▶ What this task involves:
Nothing but an exact repeat of the data, with pictures removed, belongs in the answer.

▶ Collected material:

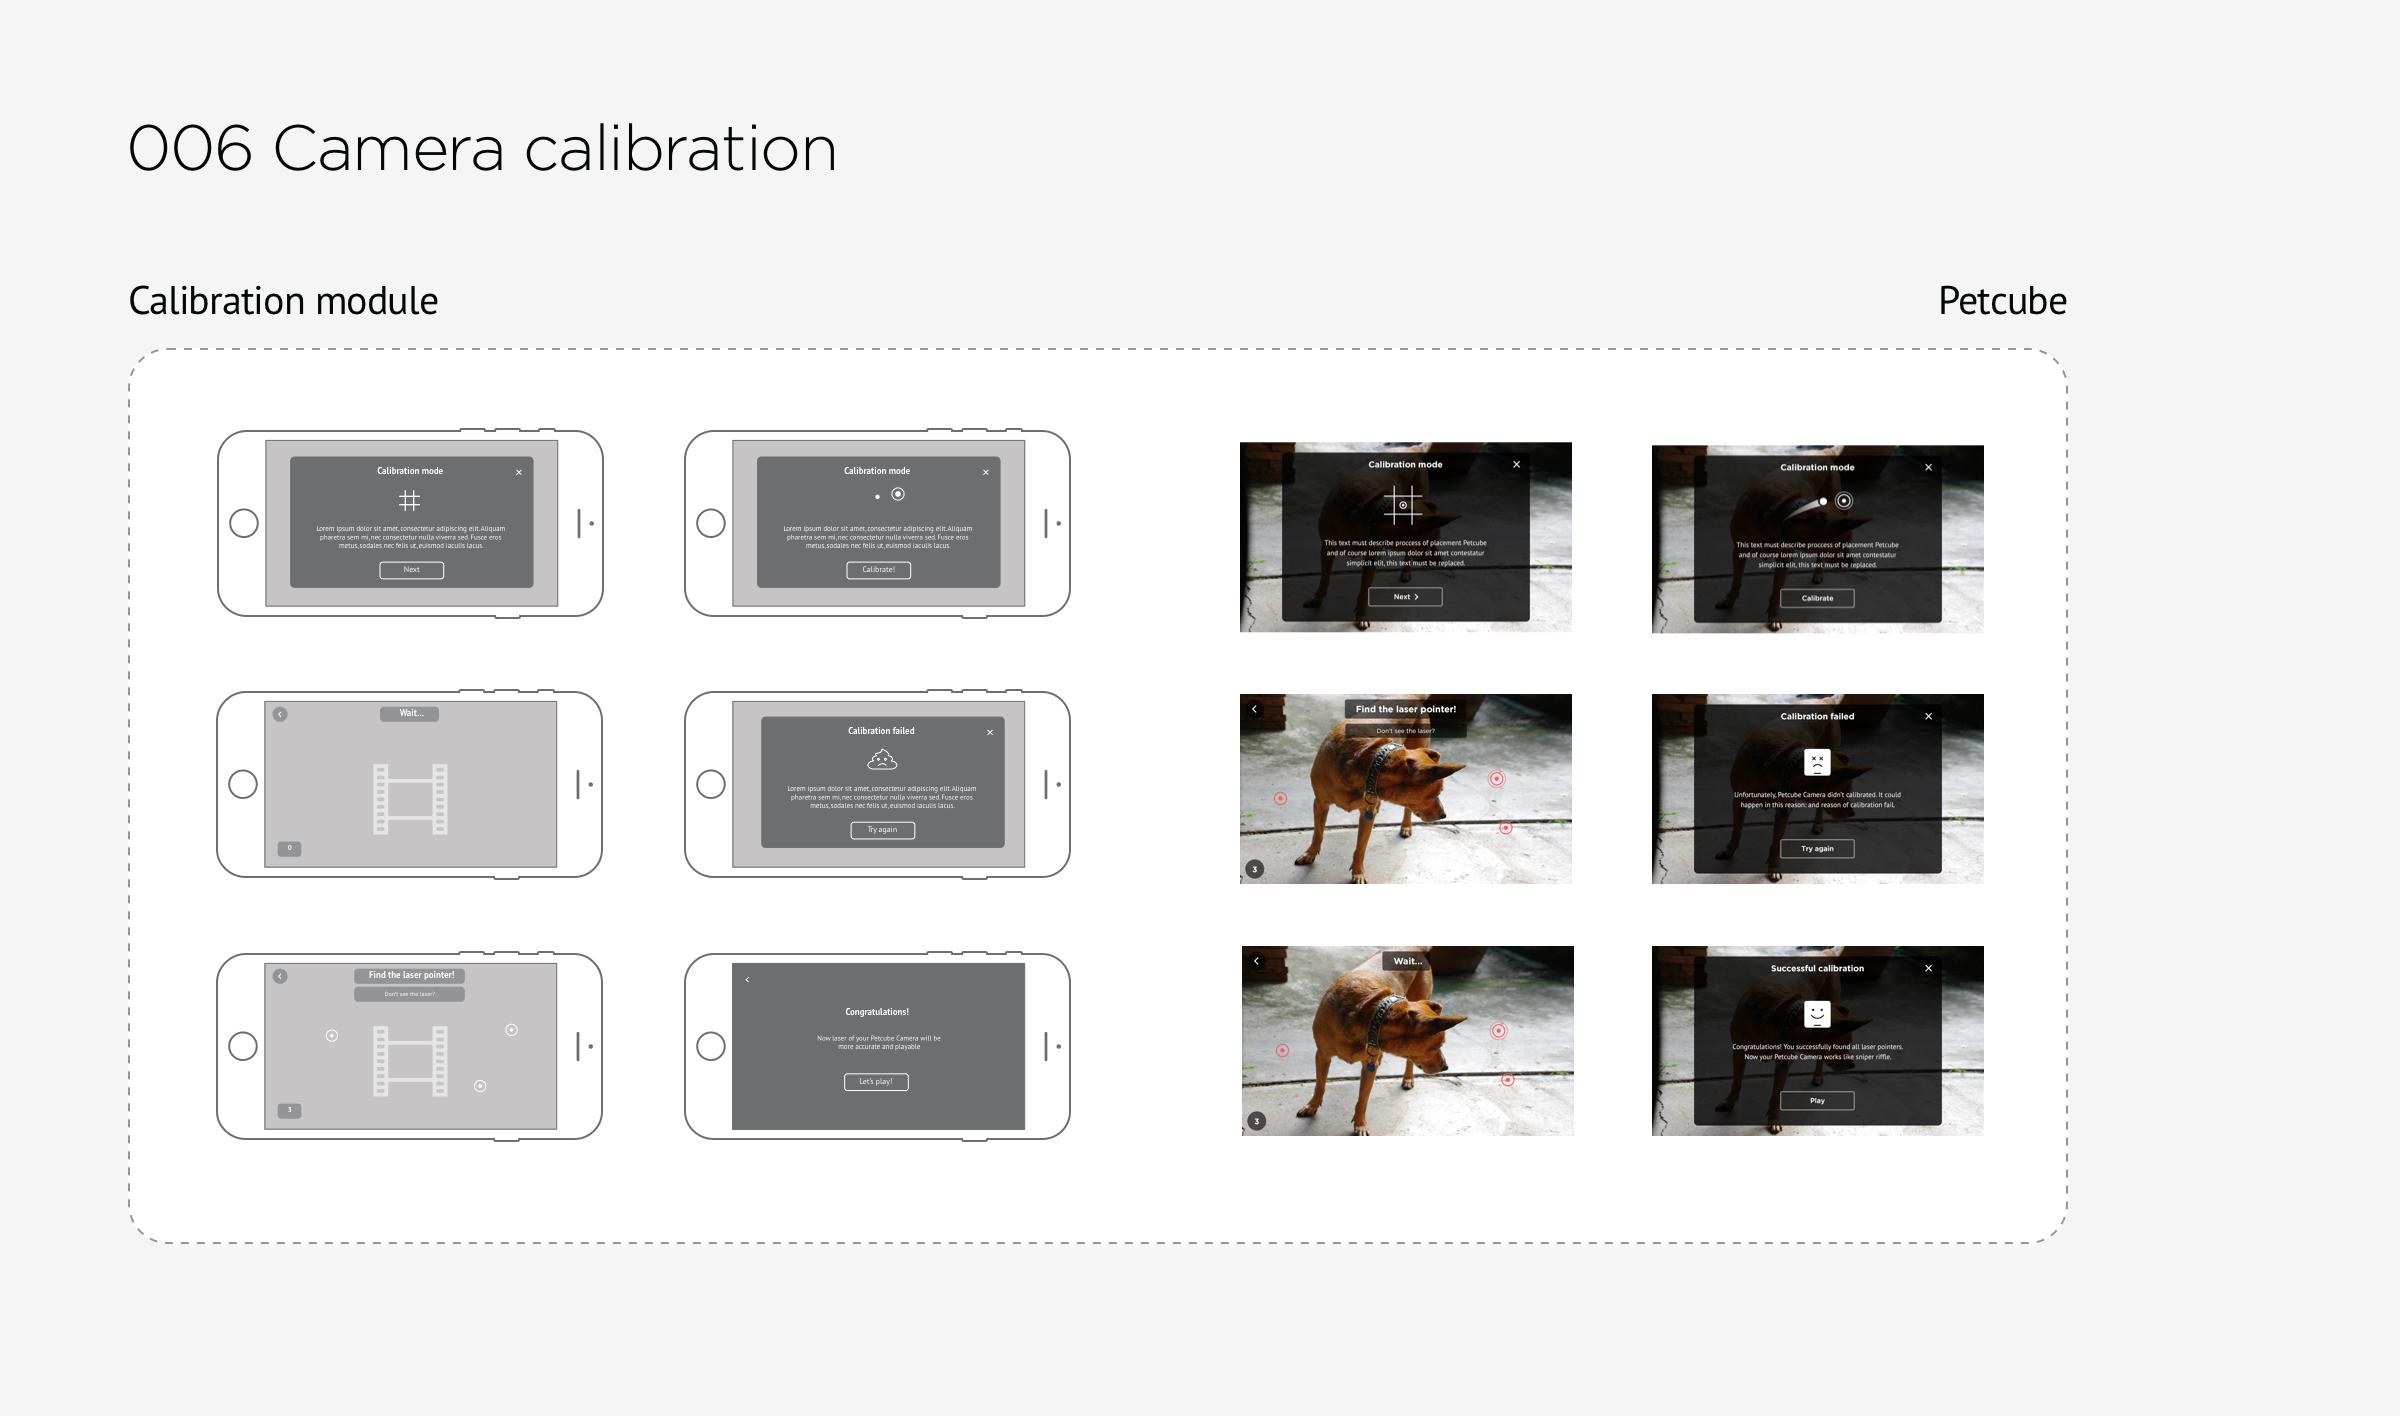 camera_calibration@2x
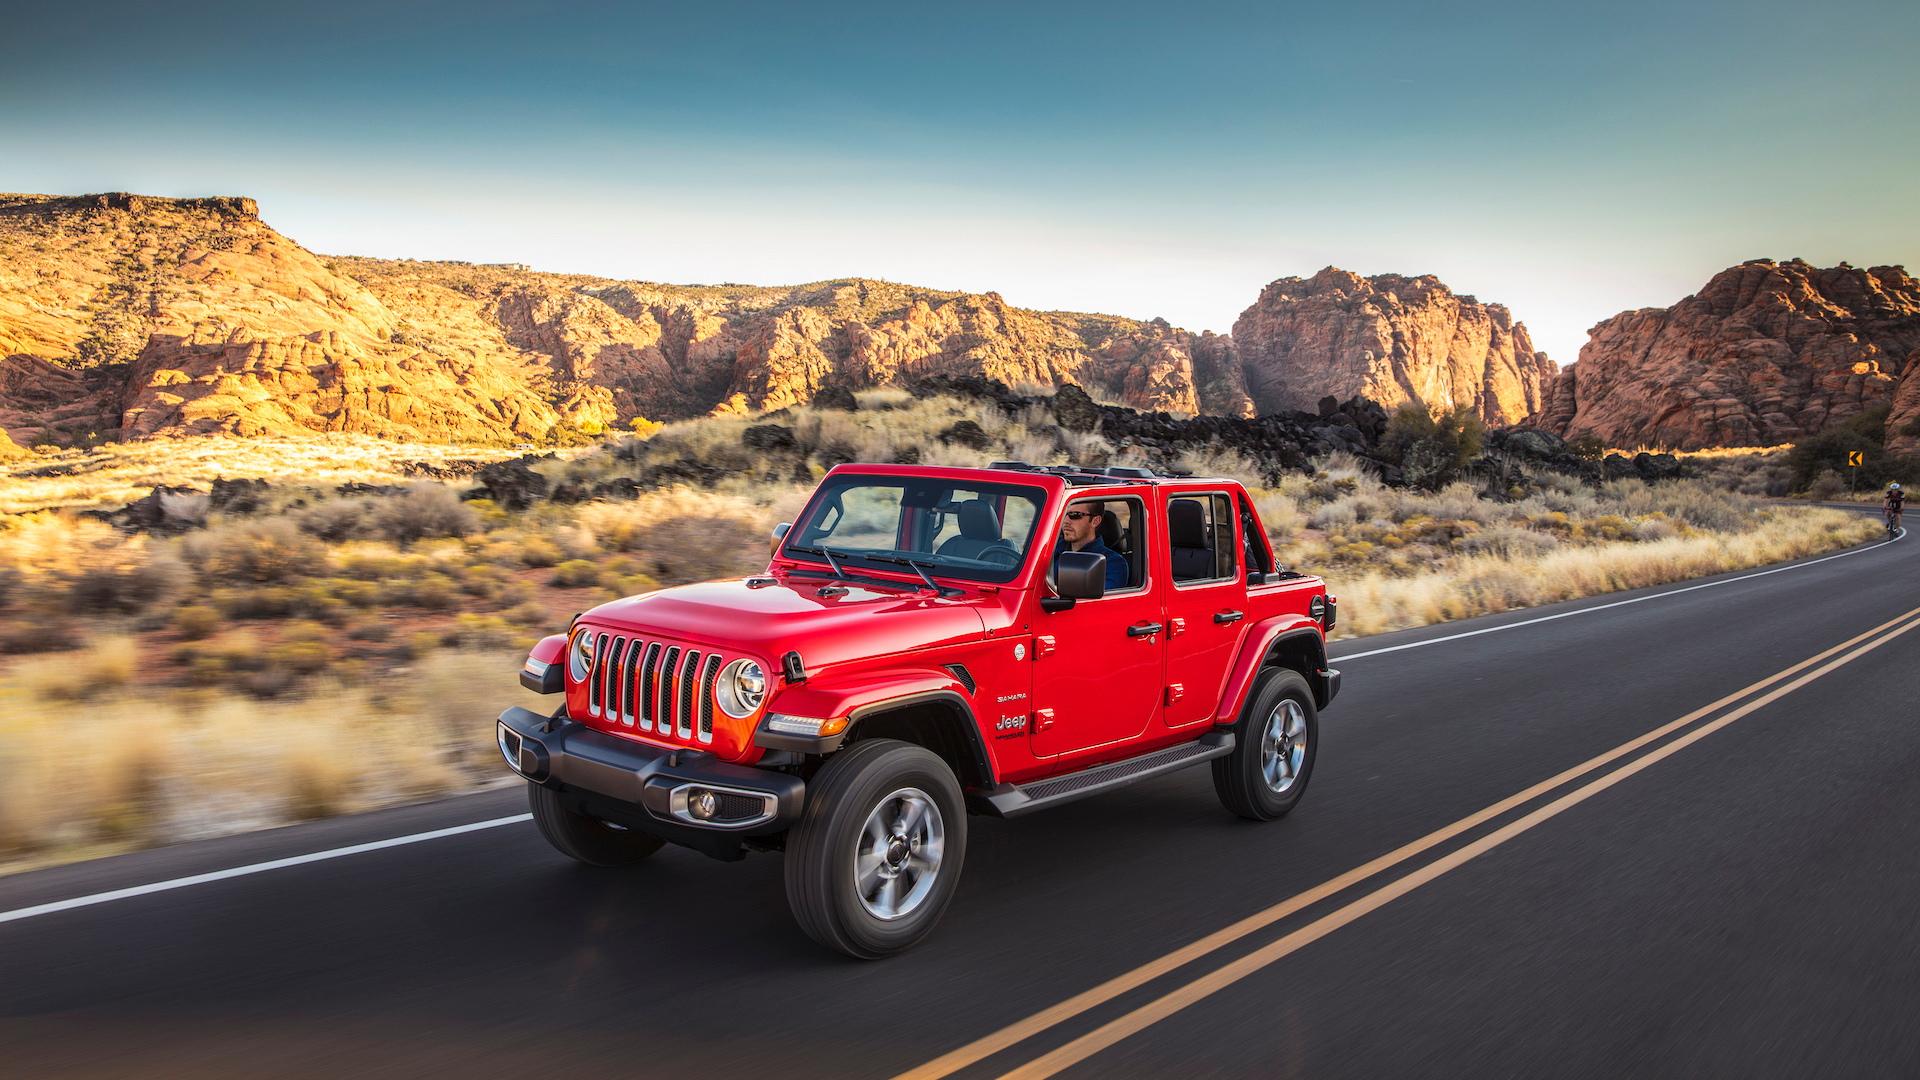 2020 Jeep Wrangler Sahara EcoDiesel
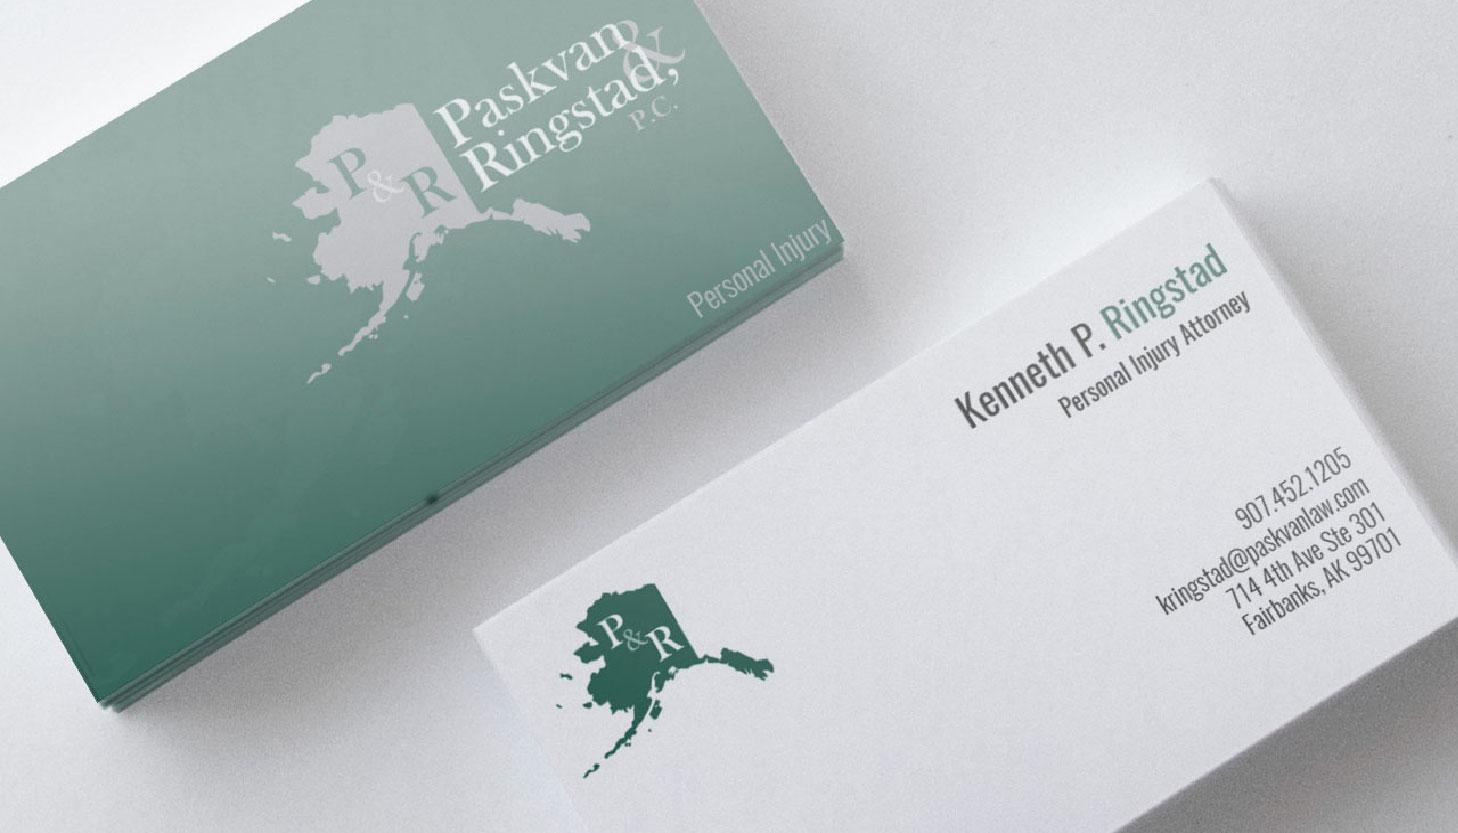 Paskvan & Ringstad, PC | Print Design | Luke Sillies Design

▶ Solution to this exercise:
 camera_calibration@2x
 2020 Jeep Wrangler Sahara EcoDiesel
 Paskvan & Ringstad, PC | Print Design | Luke Sillies Design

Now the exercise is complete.